■ Dataset content:
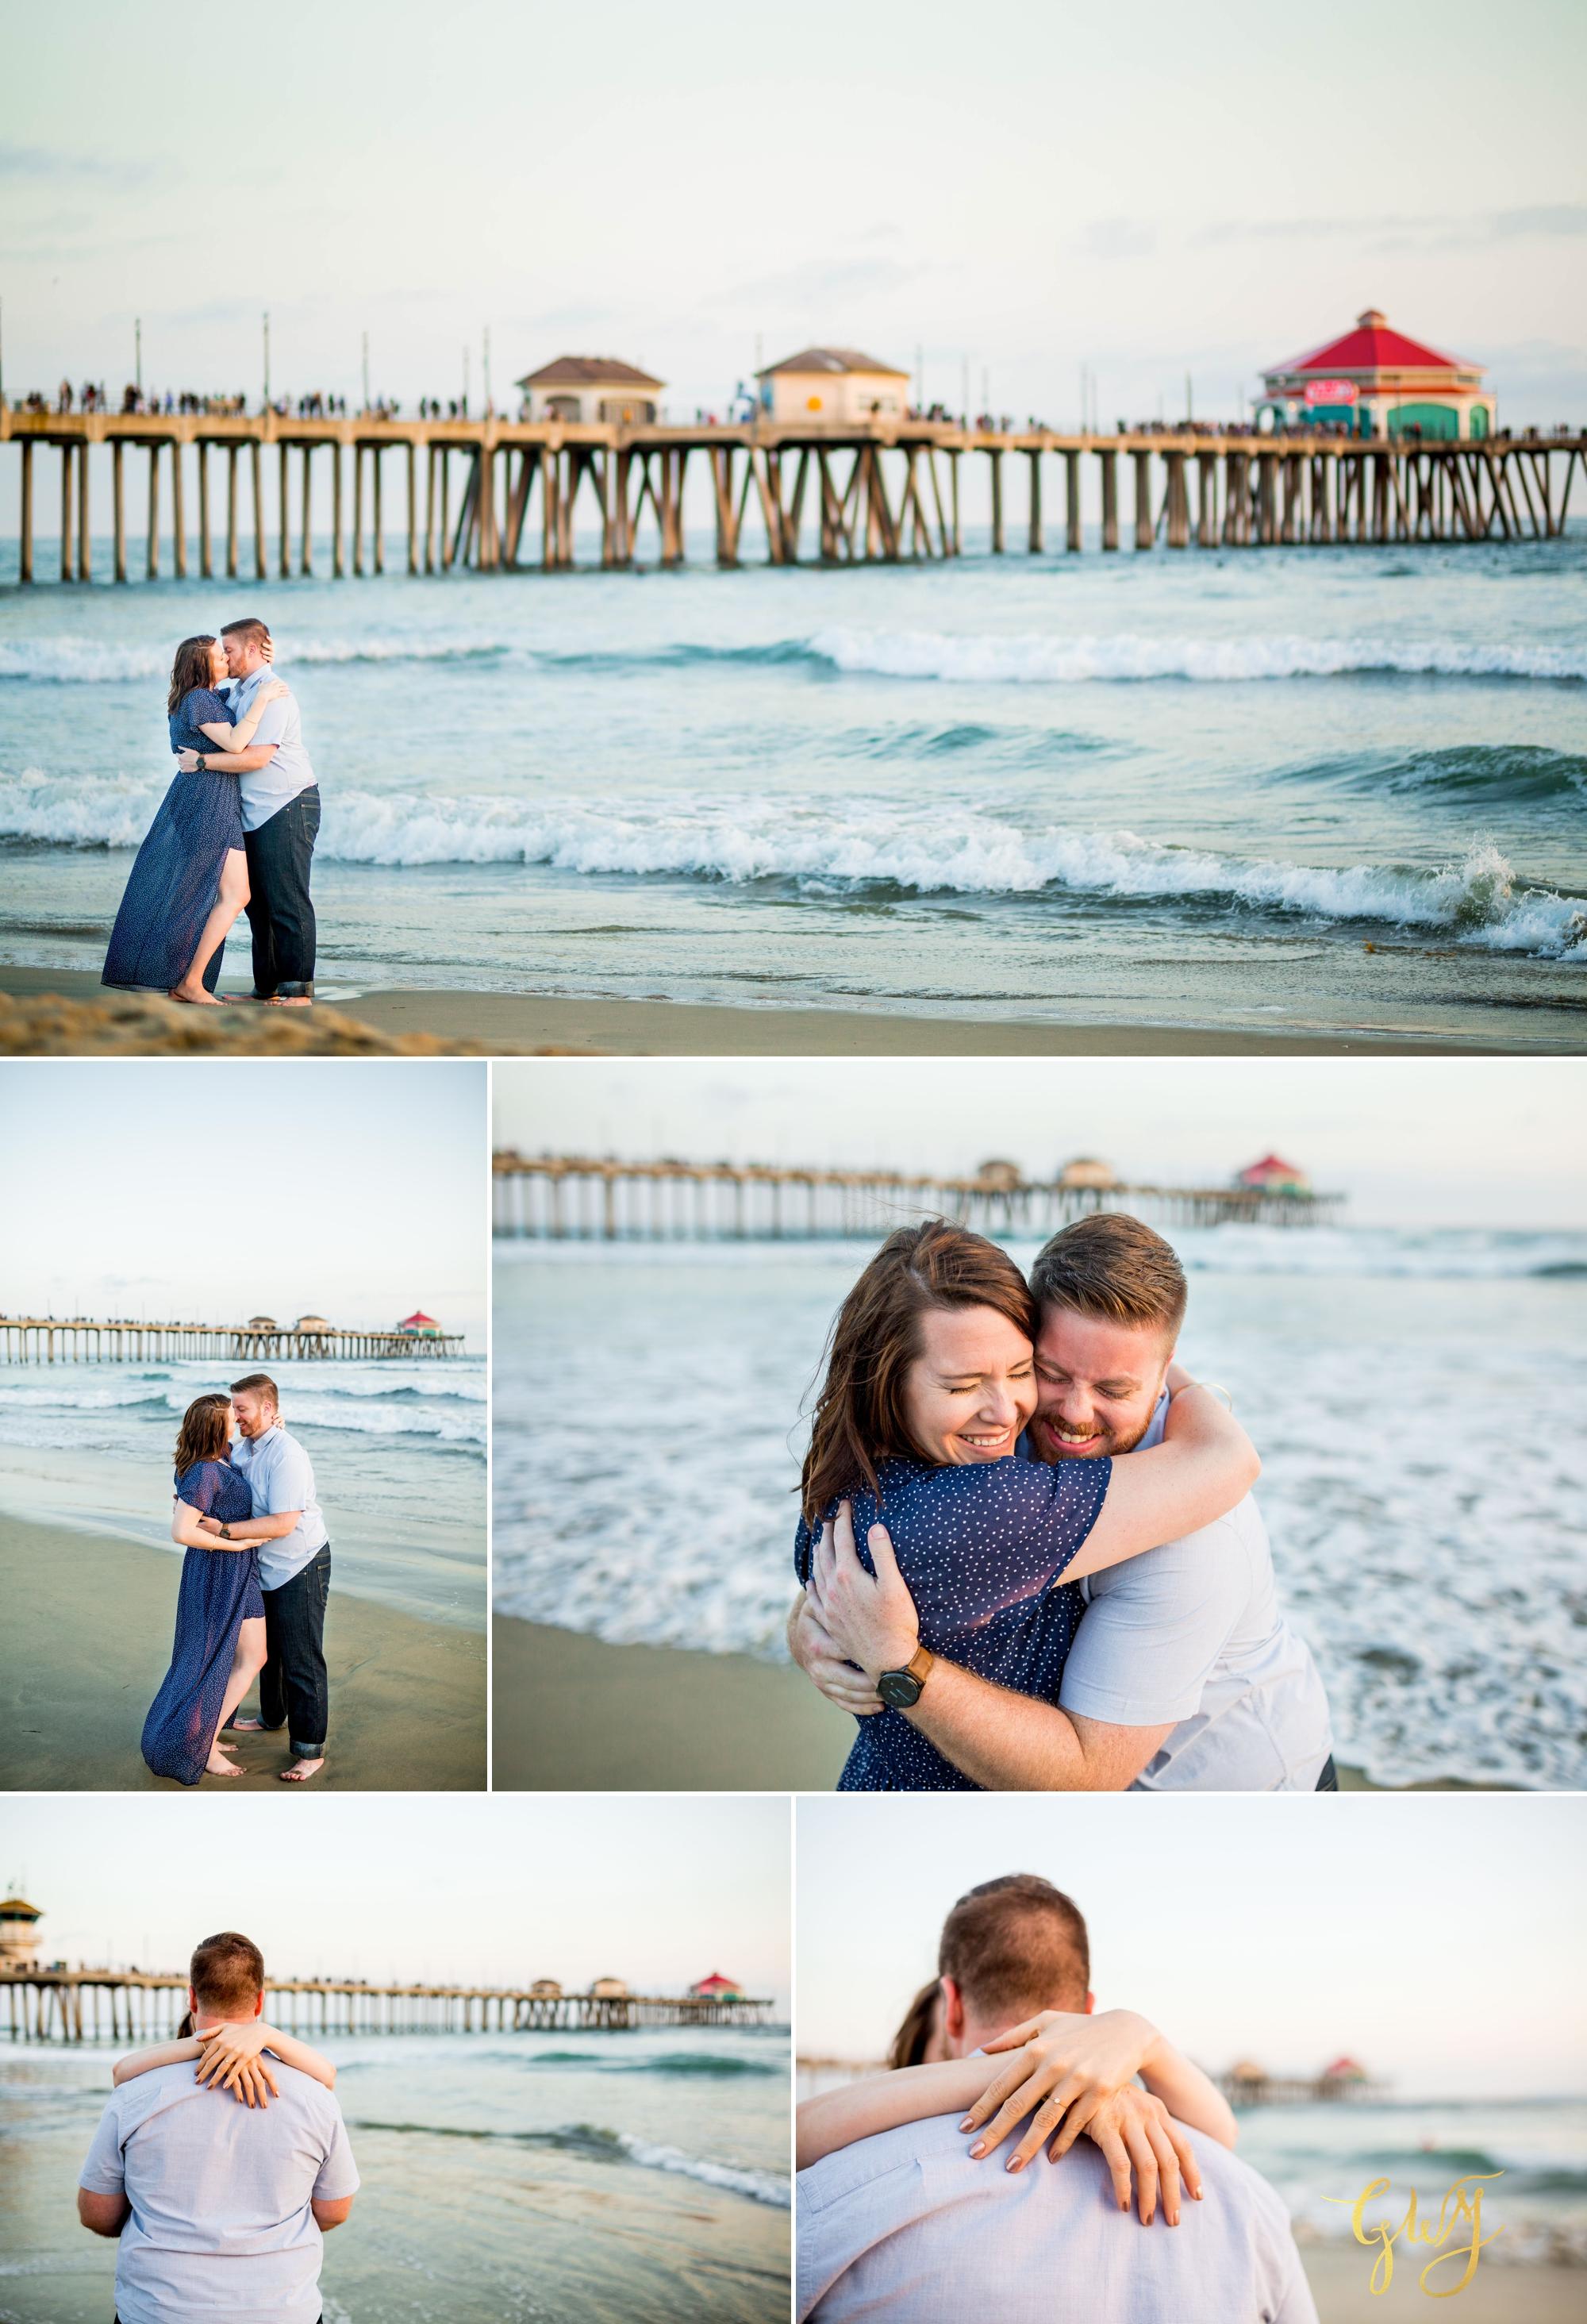 Cristina + David's Huntington Beach Central Park Romantic Sunset Engagement Session by Glass Woods Media 15.jpg
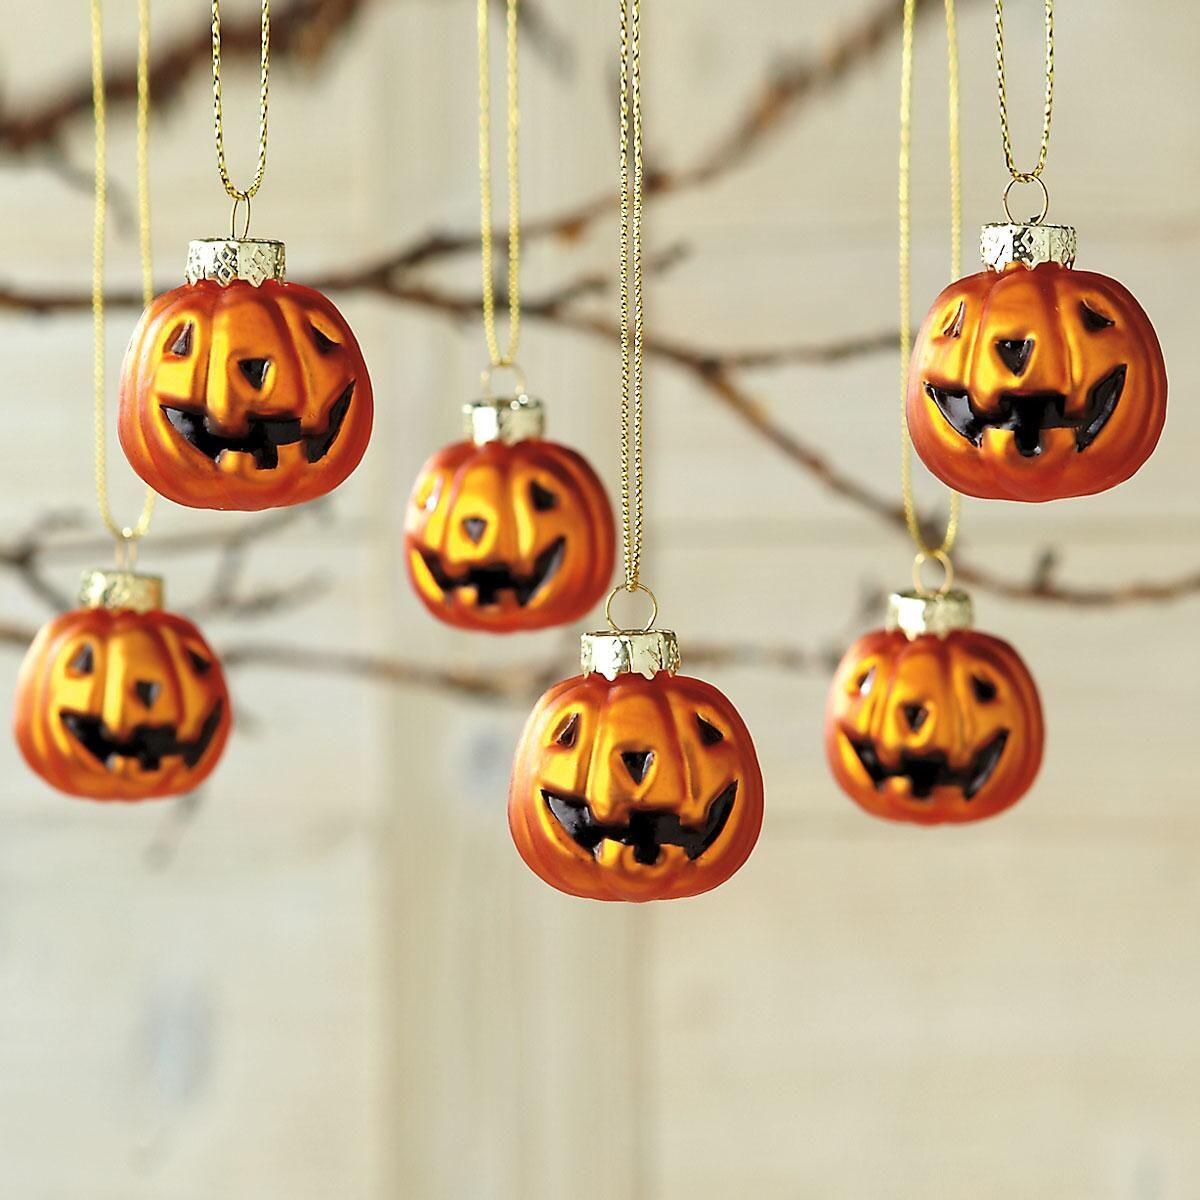 Jack-o'-lantern Ornaments
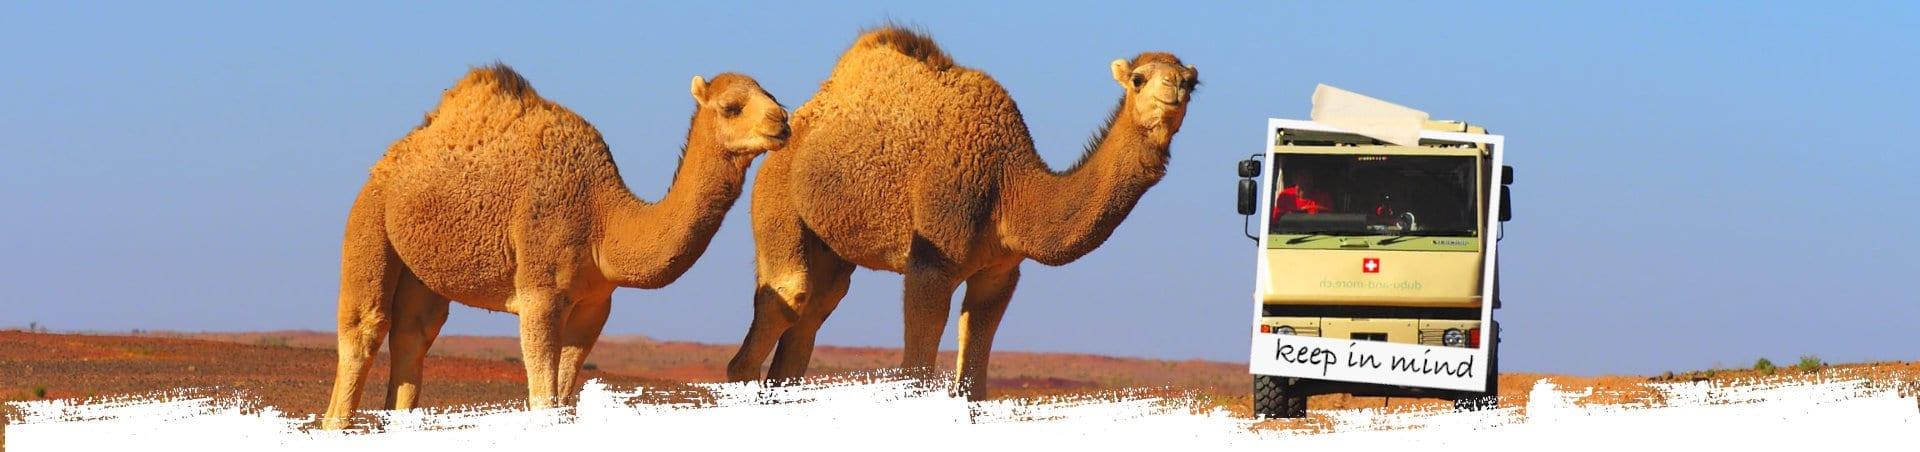 Marokko Dromedar
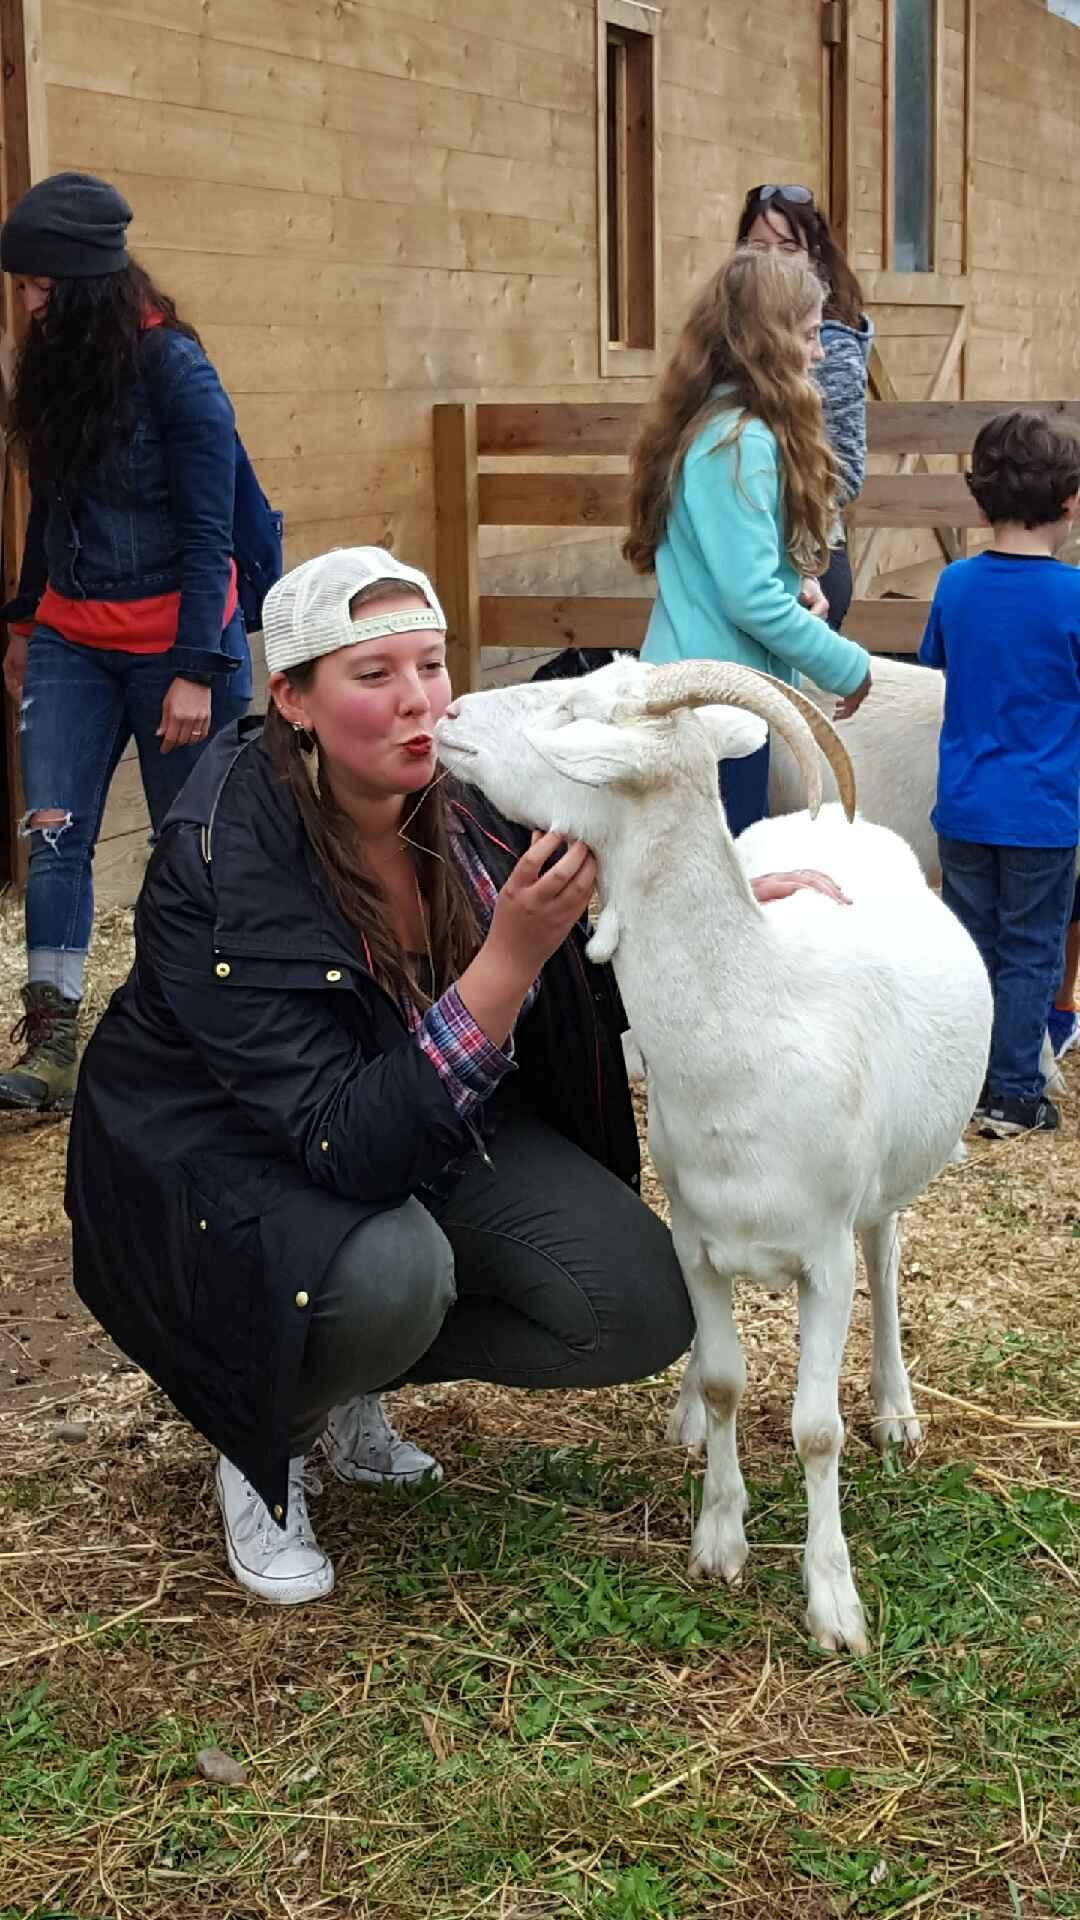 Woodstock Farm Sanctuary, 10/16

■ Work instructions: Output all the material verbatim, skipping every image.

■ Written solution:
 Cristina + David's Huntington Beach Central Park Romantic Sunset Engagement Session by Glass Woods Media 15.jpg
 Jack-o'-lantern Ornaments
 Marokko Dromedar
 Woodstock Farm Sanctuary, 10/16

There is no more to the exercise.